- TASK STATEMENT -
Reproduce the lines below verbatim. Pictures are to be omitted.

- SUPPLIED MATERIAL -
■ ■ ■ ■ ■

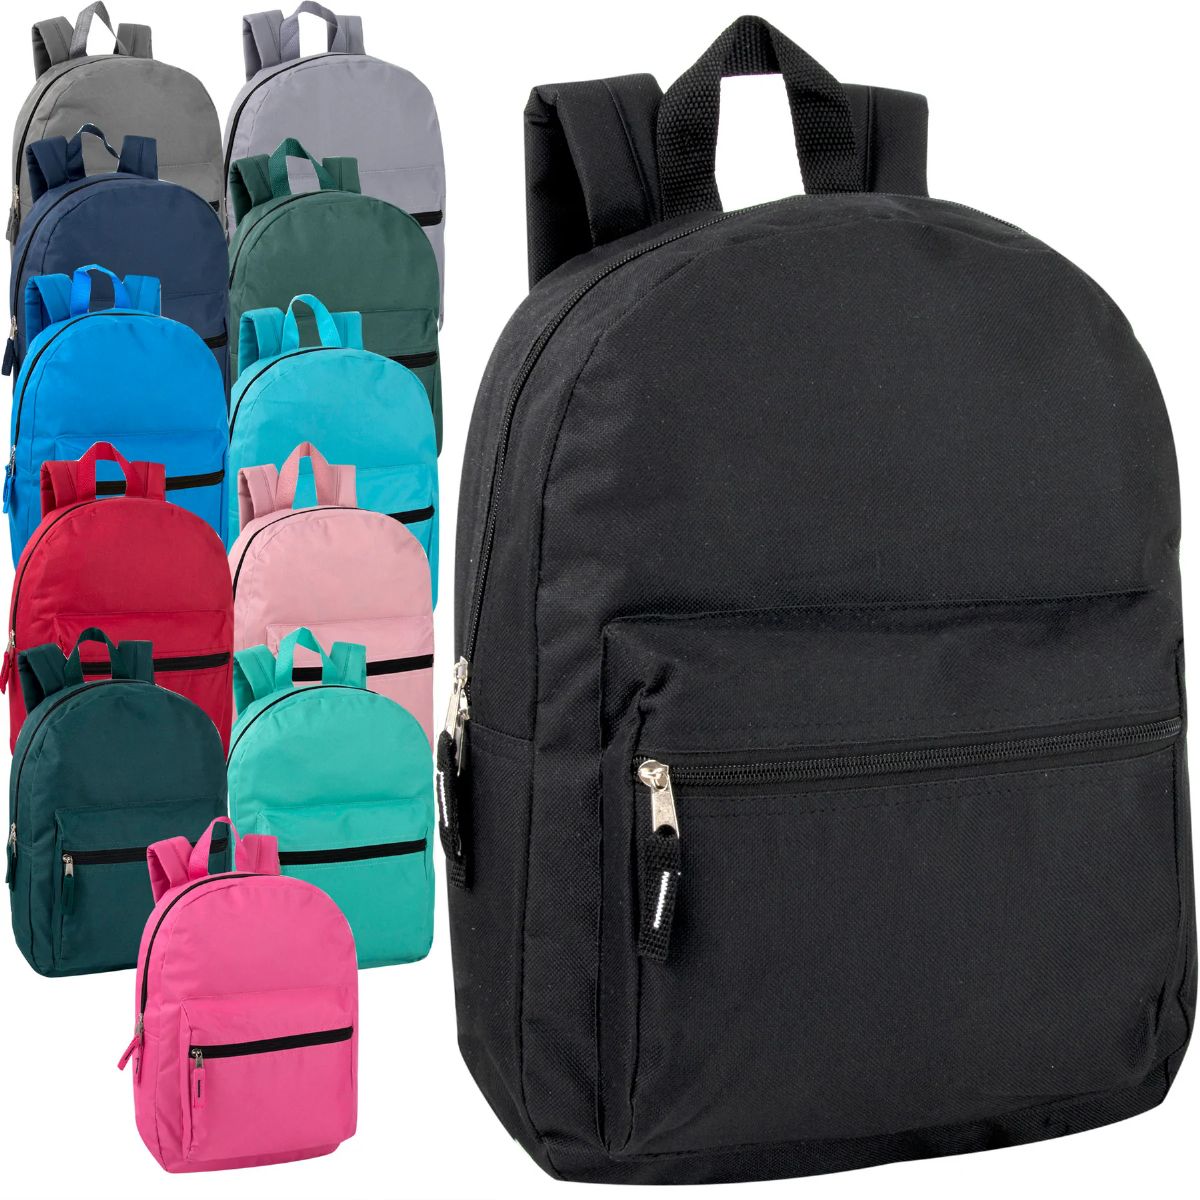 24 Pieces of 15 Inch Basic Backpack
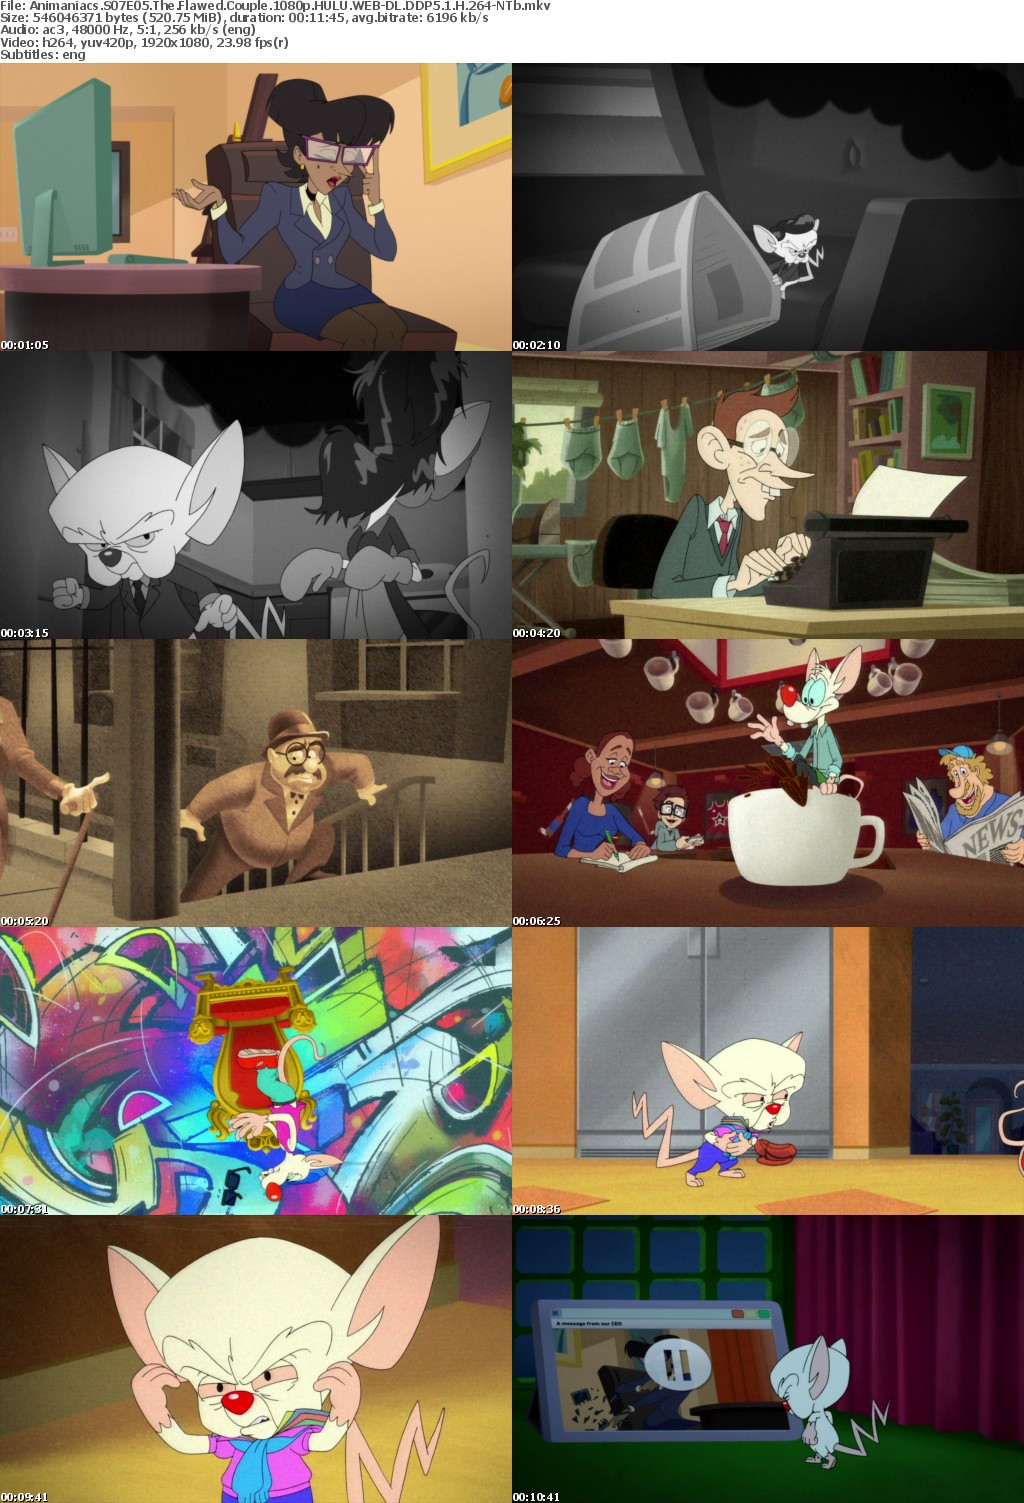 Animaniacs S07E05 The Flawed Couple 1080p HULU WEB-DL DDP5 1 H 264-NTb
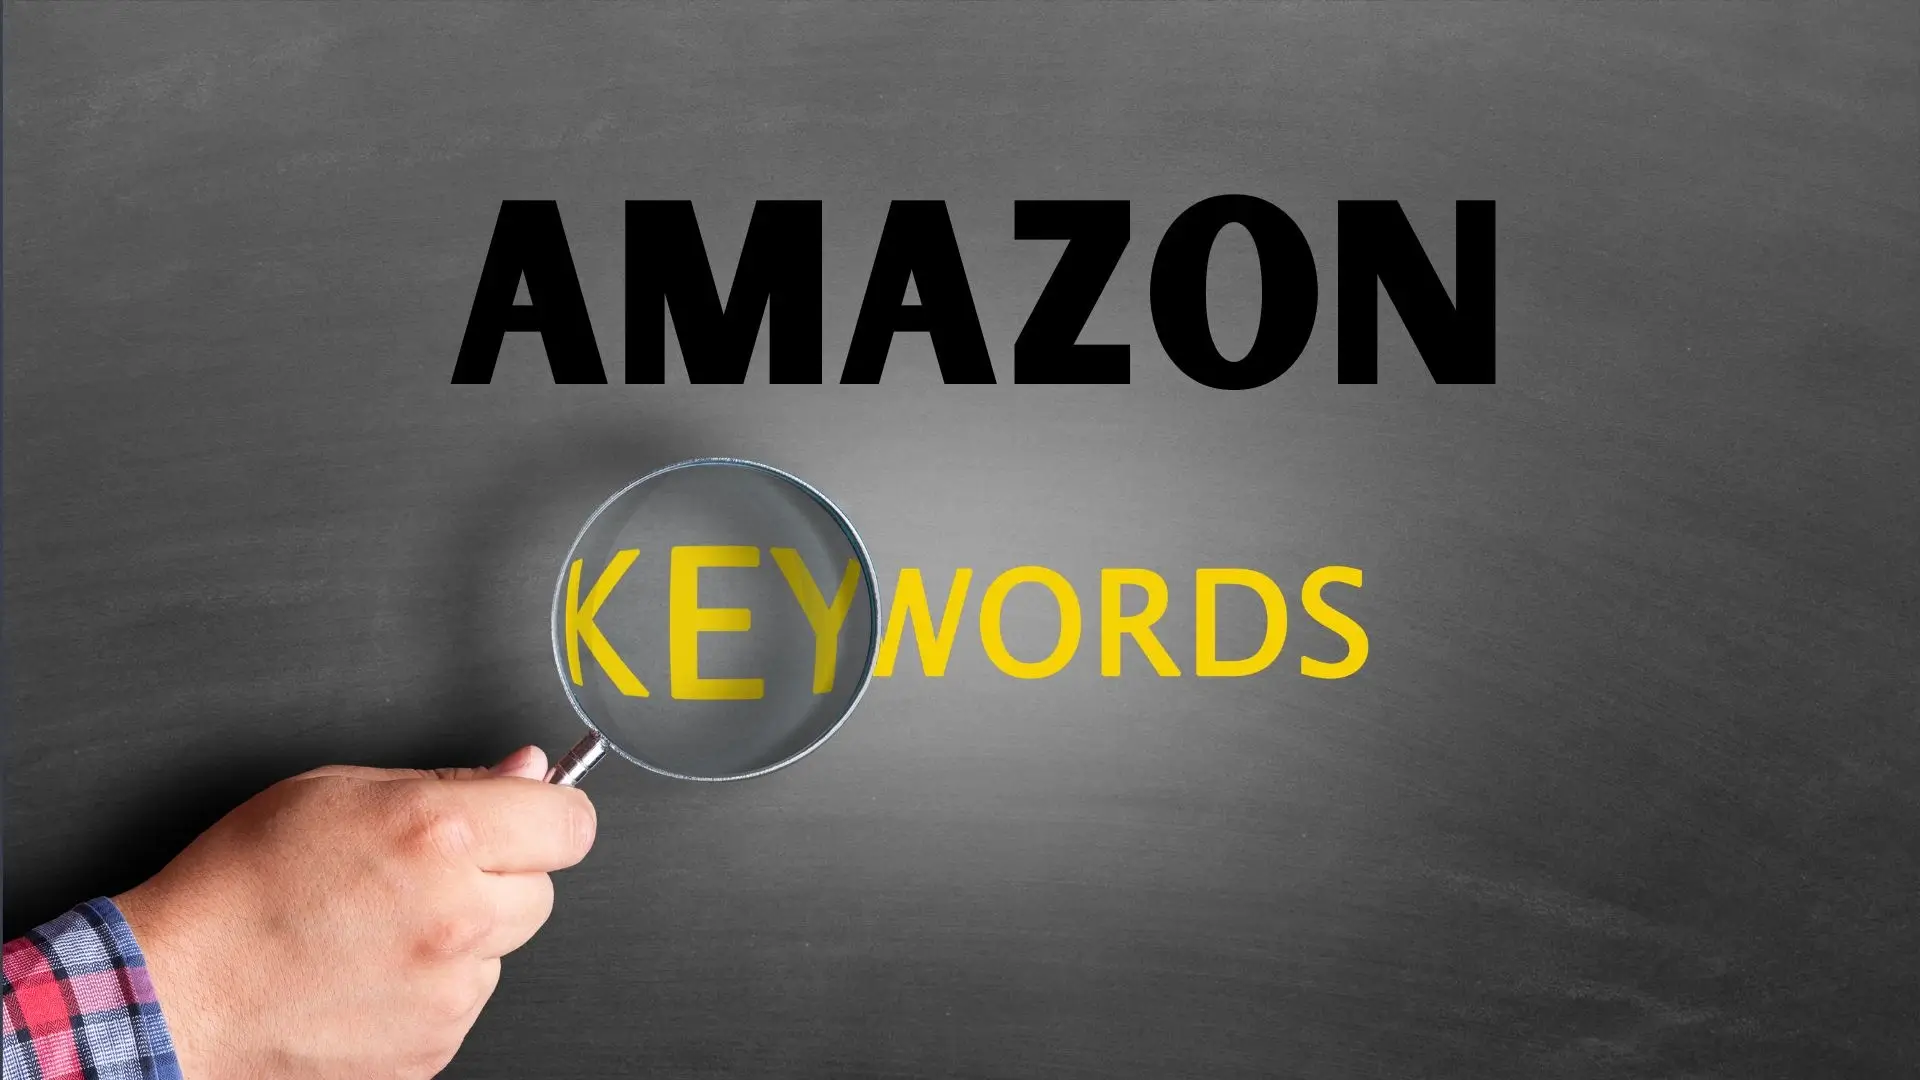 An image with the words Amazon keywords and a magnifying glass on 'key' in keywords.
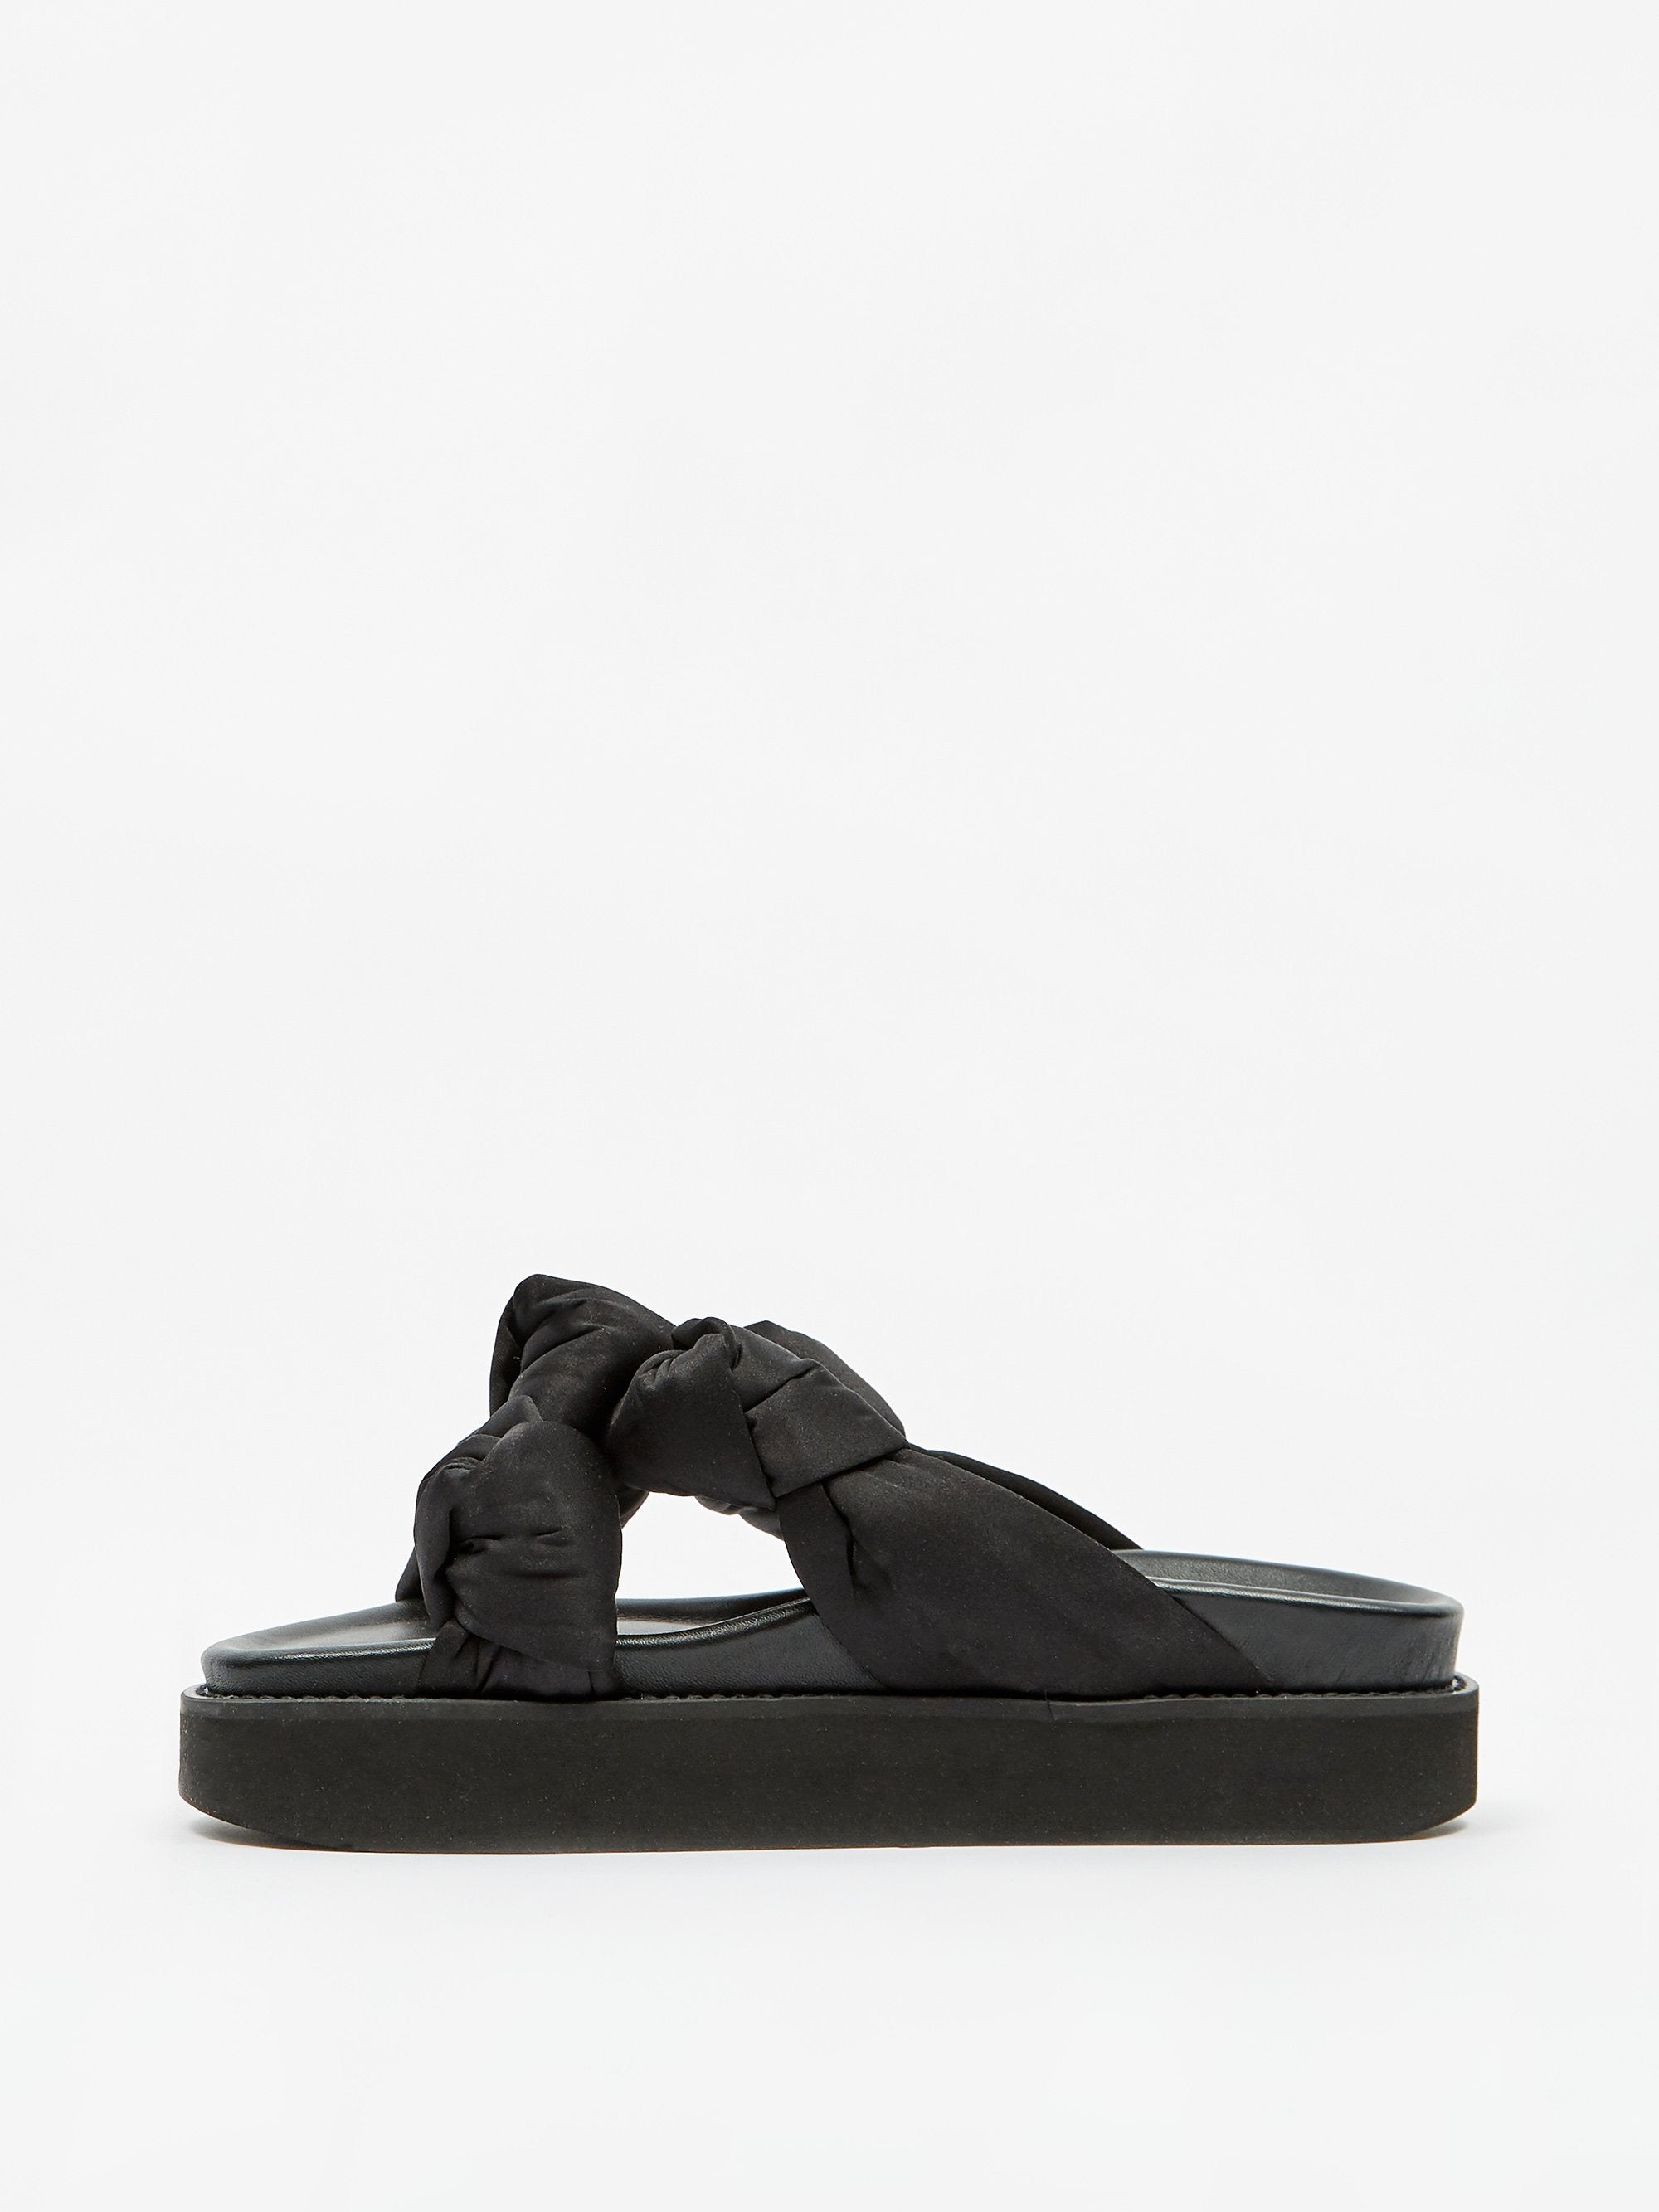 Ganni Recycled Satin Mid Knotted Sandal - Black

■ ■ ■ ■ ■

- OUTPUT FOR THIS TASK -
 24 Pieces of 15 Inch Basic Backpack
 Animaniacs S07E05 The Flawed Couple 1080p HULU WEB-DL DDP5 1 H 264-NTb
 An image with the words Amazon keywords and a magnifying glass on 'key' in keywords.
 Ganni Recycled Satin Mid Knotted Sandal - Black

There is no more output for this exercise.